= THE DATA =
==============================

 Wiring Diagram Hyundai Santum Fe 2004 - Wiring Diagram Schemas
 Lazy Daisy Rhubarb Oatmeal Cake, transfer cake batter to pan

==============================

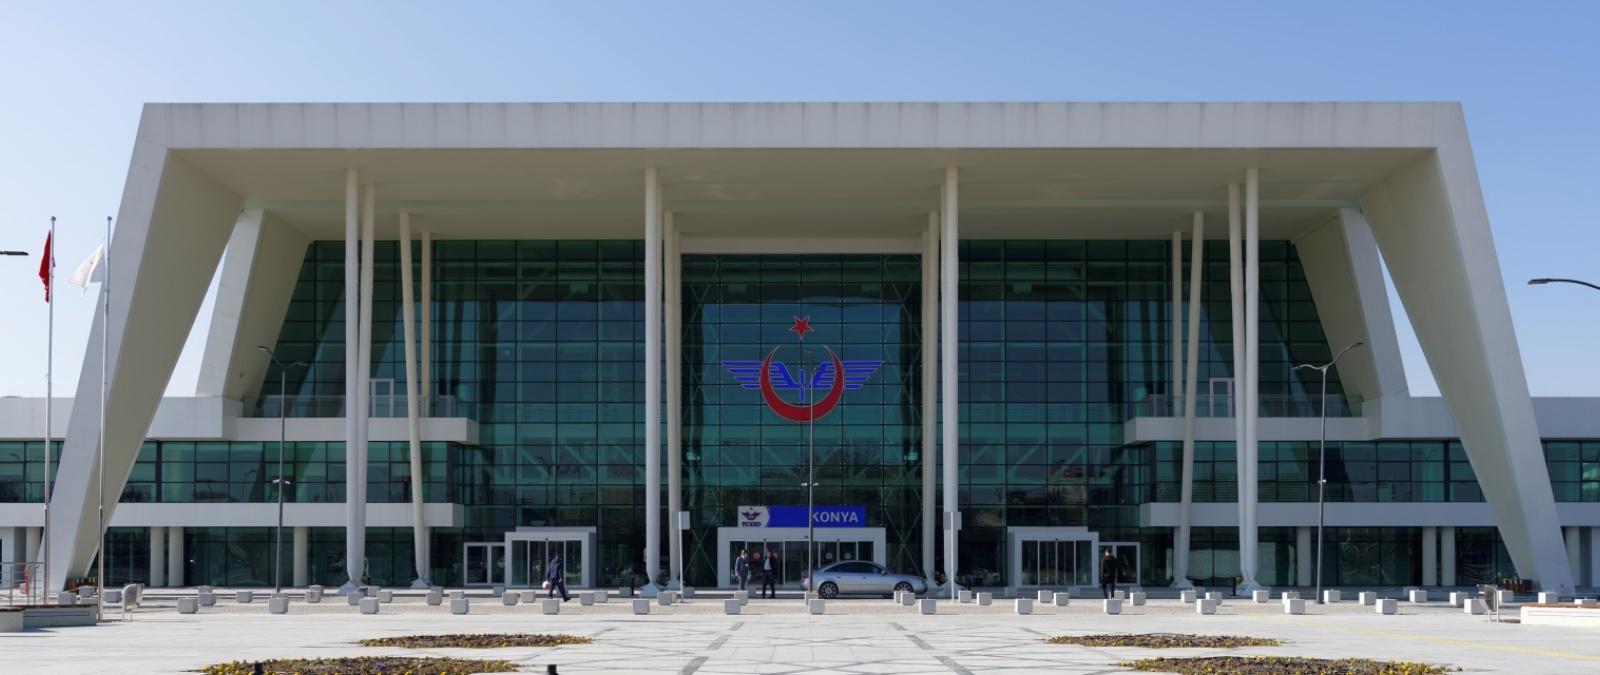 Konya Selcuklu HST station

==============================

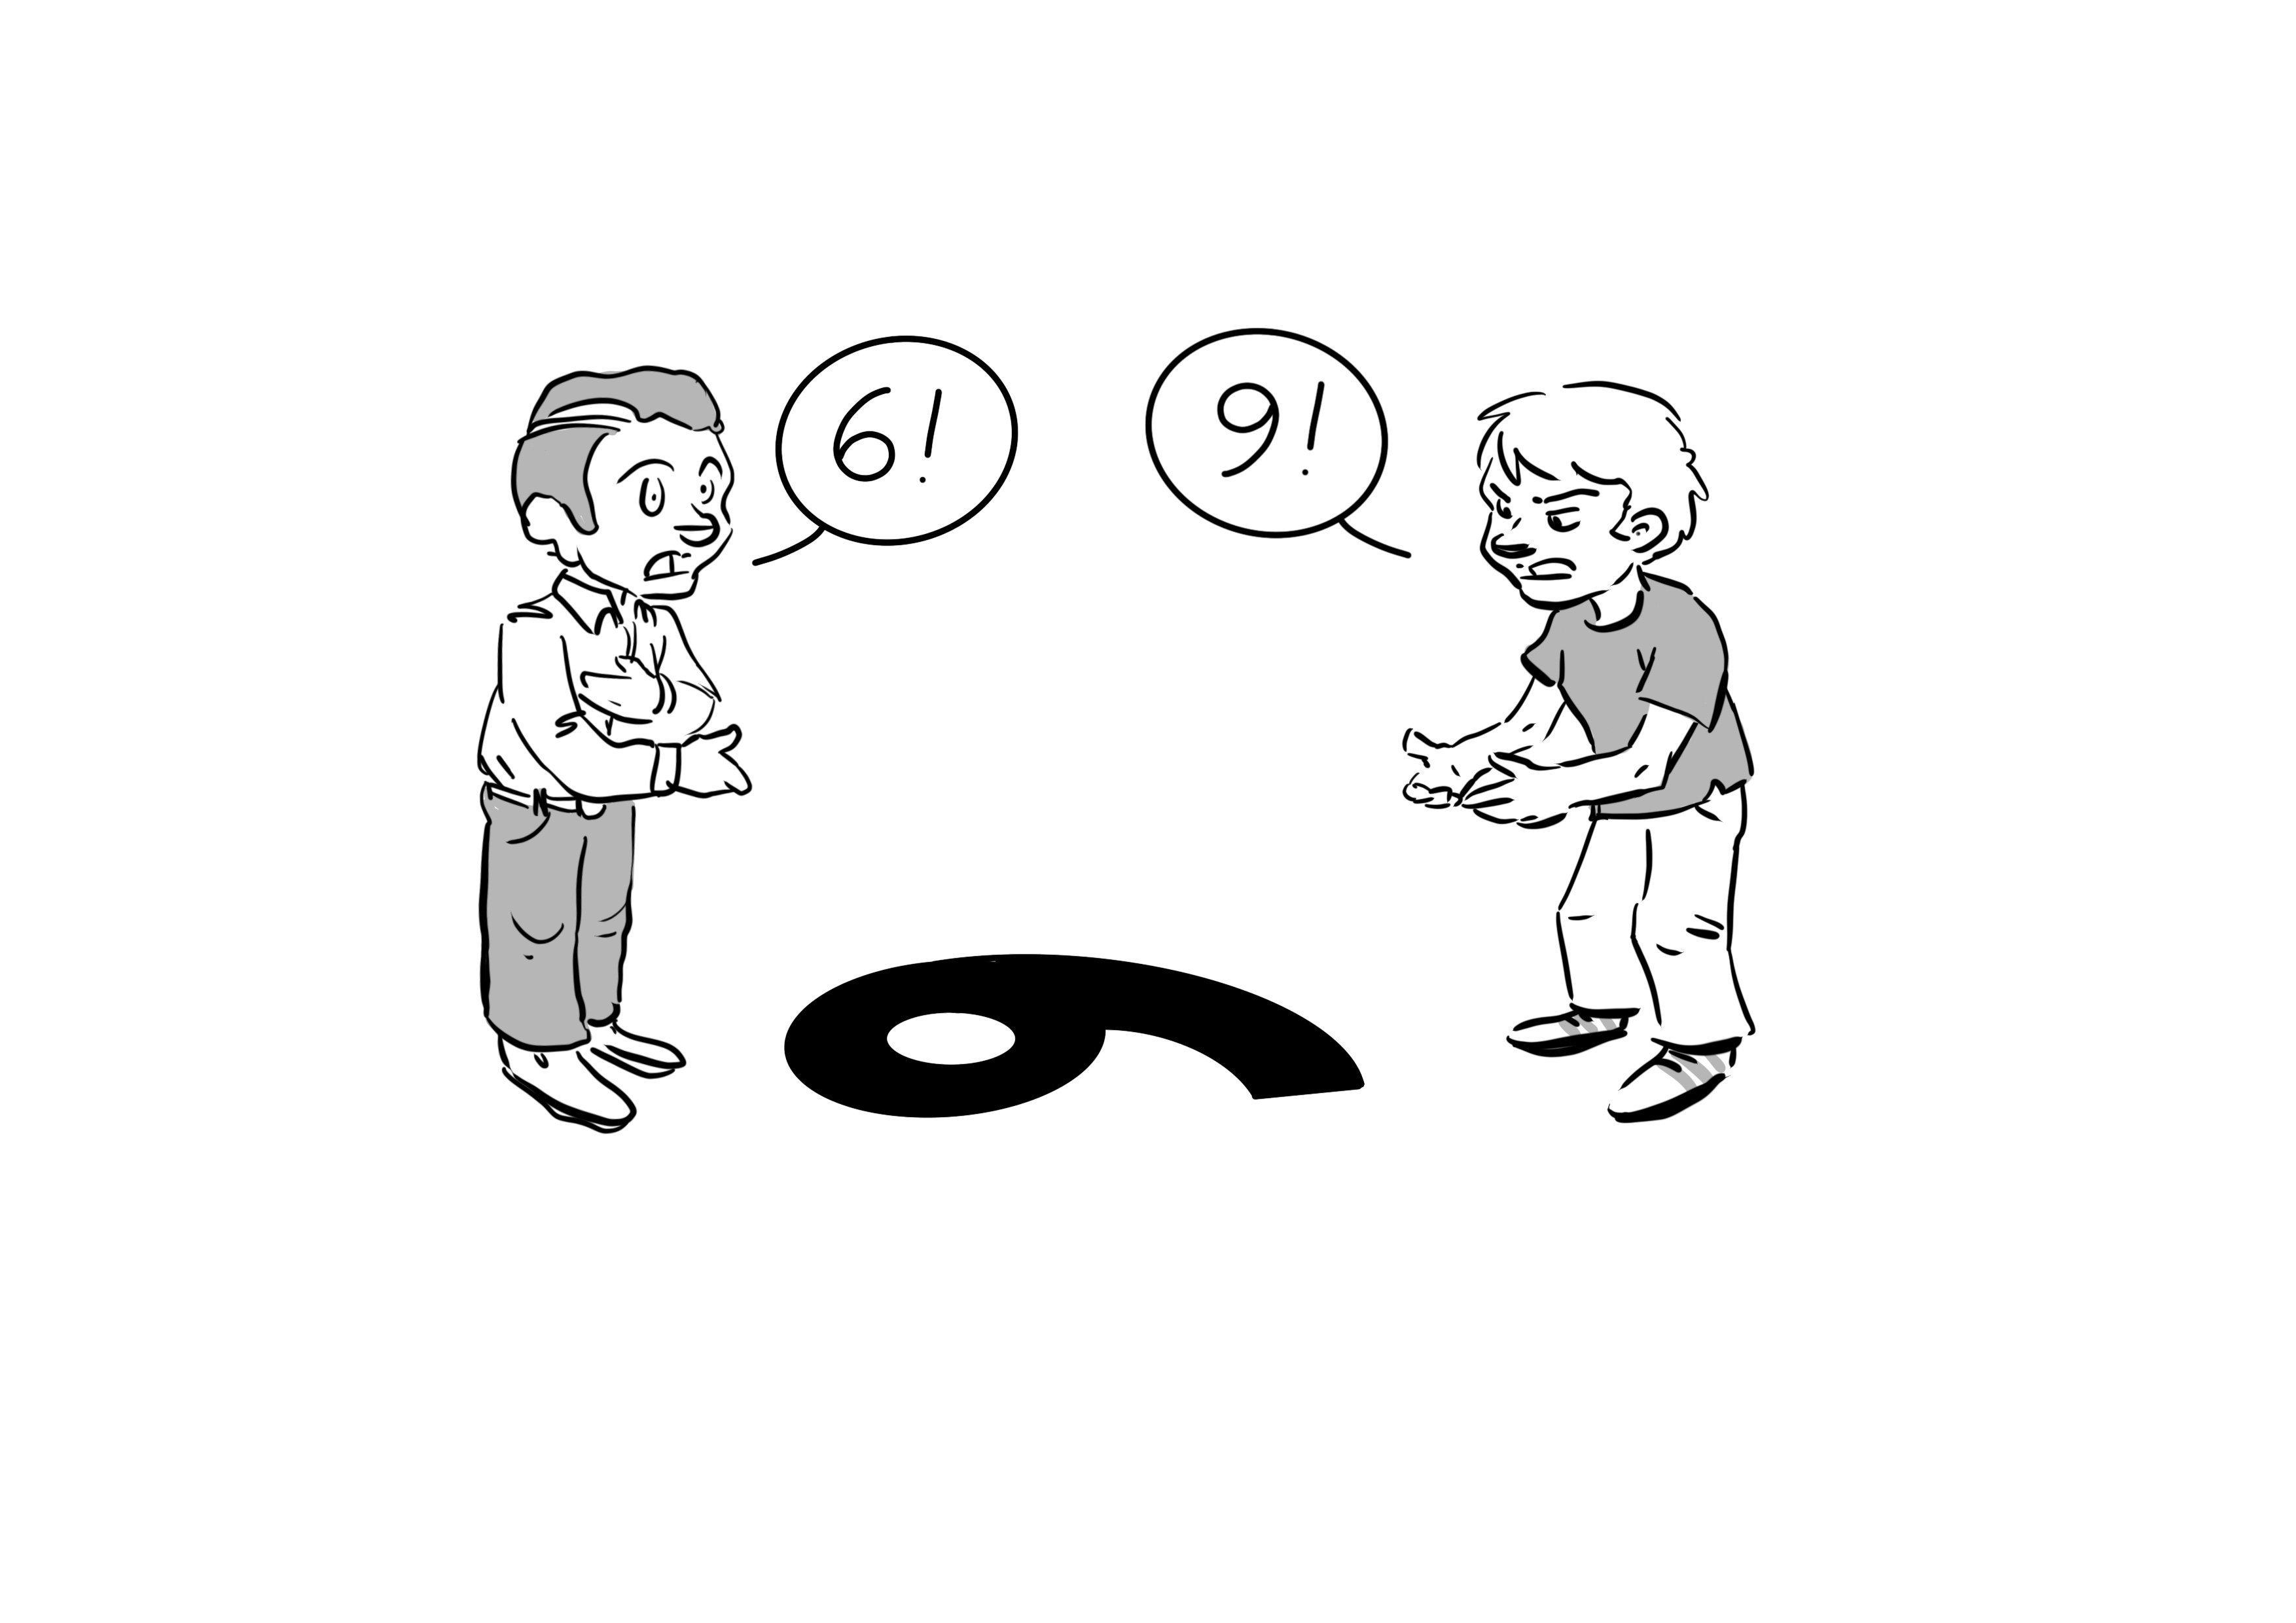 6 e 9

==============================

= AIM OF THE TASK =
Using the entries above, give again exactly the lines from the line holding "Wiring Diagram Hyundai" through the line holding "Lazy Daisy Rhubarb". Include both end lines and nothing else.

= RESULT BELOW =
 Wiring Diagram Hyundai Santum Fe 2004 - Wiring Diagram Schemas
 Lazy Daisy Rhubarb Oatmeal Cake, transfer cake batter to pan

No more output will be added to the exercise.